Corky Barker, general manager of the Best Western Payson Inn, isn't about to fall for the fake money gag.
She learned how to identify counterfeit money during a training seminar Friday morning at Mazatzal Casino.
There is, she said, a "whole new element" coming into town, and the seminar will help her company stay vigilant against receiving fake cash.
The casino opened the training seminar, usually held in-house for employees only, to Payson's business community after three people were arrested in April on charges of counterfeiting. The Secret Service, responsible for protecting the president and dealing with counterfeit money, gave the presentation.
"We want to attract enough attention to make it known that the town of Payson is taking a proactive approach," said Steve Salatti, cage/vault director at Mazatzal Casino.
Barker and 80 other employees from 21 area businesses listened to Special Agent Kenneth H. Huffer of the Secret Service describe the nuances of phony money.
Huffer told the audience the best protection is knowing how to tell the difference between real money and bogus bucks.
A magnifying glass, Huffer said, is one of the best tools to identify microprinting and inking unique to U.S. bills. It is also useful for identifying ink jet and toner copies of U.S. currency.
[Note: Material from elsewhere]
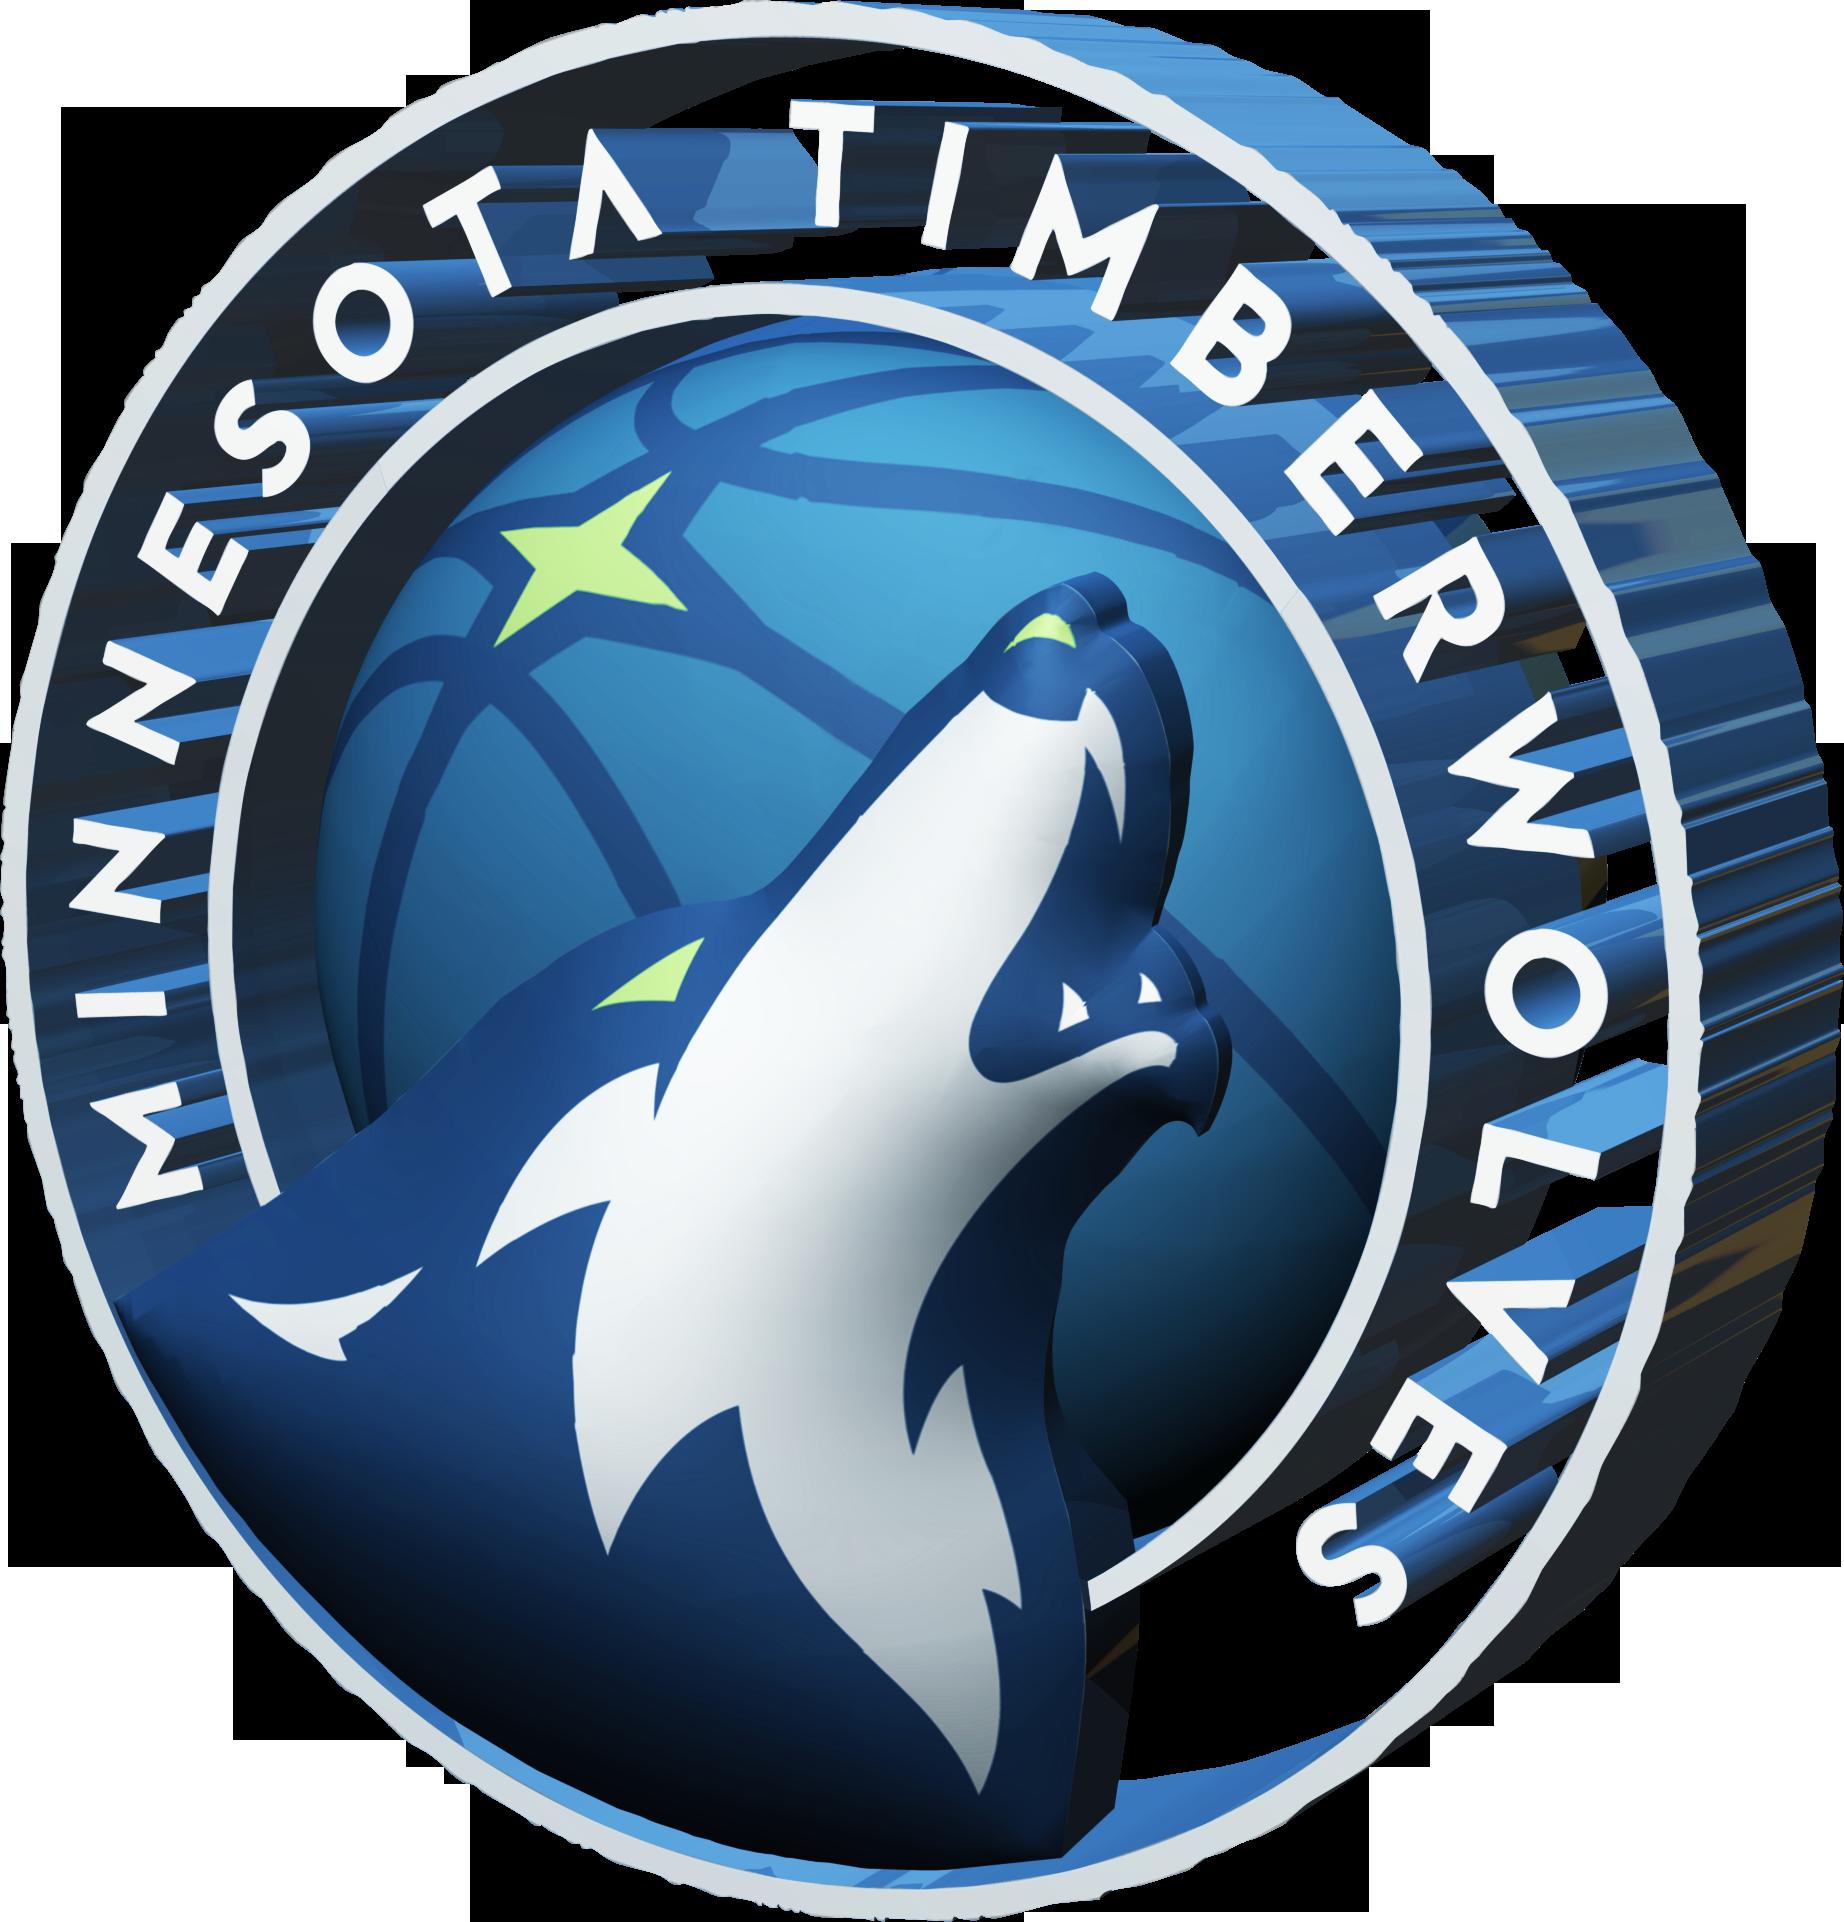 Minnesota Timberwolves 2017-2018 3D Logo - Minnesota Timberwolves PNG

In Arizona, 70 percent of counterfeit money is made with an ink jet or toner-based copy of U.S. currency, Huffer said.
These copying methods do not produce true green, the predominant color on U.S. money, making them easy to spot through magnification.
Color-shifting ink in the bottom right-hand corner of a bill, a security strip embedded in the paper and a watermark to the right of the bill matching the president pictured on the note, are some of the easiest security features to spot on the newer bills.
"Now all of a sudden you need to have a higher level of understanding of the security features put in by the treasury department," Salatti said.
After noticing an improvement in the quality of fake money over the past year, the casino purchased scanners to serve as a deterrent against future counterfeiting and to help identify bad bills, Salatti said.
Since the scanners were implemented the casino has seen a decline in the frequency of counterfeit bills, Salatti said.
But, Salatti added, the training sessions are still required to educate employees without access to the scanners.
Wes Hathaway, owner of Payson Music Center, whose store received one of the counterfeit bills in April, said he doesn't worry about more counterfeit money floating around because the suspects were from out of town and it was the first time in 13 years that his business received a fake bill.
"(Payson) is a nice community and most of the people here are honest," Hathaway said.
Hathaway said he's confident that his employees will be able to spot fake bills in the future.
"We were always very good (about checking bills for authenticity)," Hathaway said. "That's why we caught (the counterfeiters)."
The April arrests gave hotel manager Barker a heightened sensitivity to the possibility of receiving counterfeit bills. Payson's growth and the influx of people from bigger cities make it more likely to happen here than in the past, she said.
Even though Payson is a small community, people shouldn't think counterfeiting is done and gone, Huffer said.
"You should always watch your money."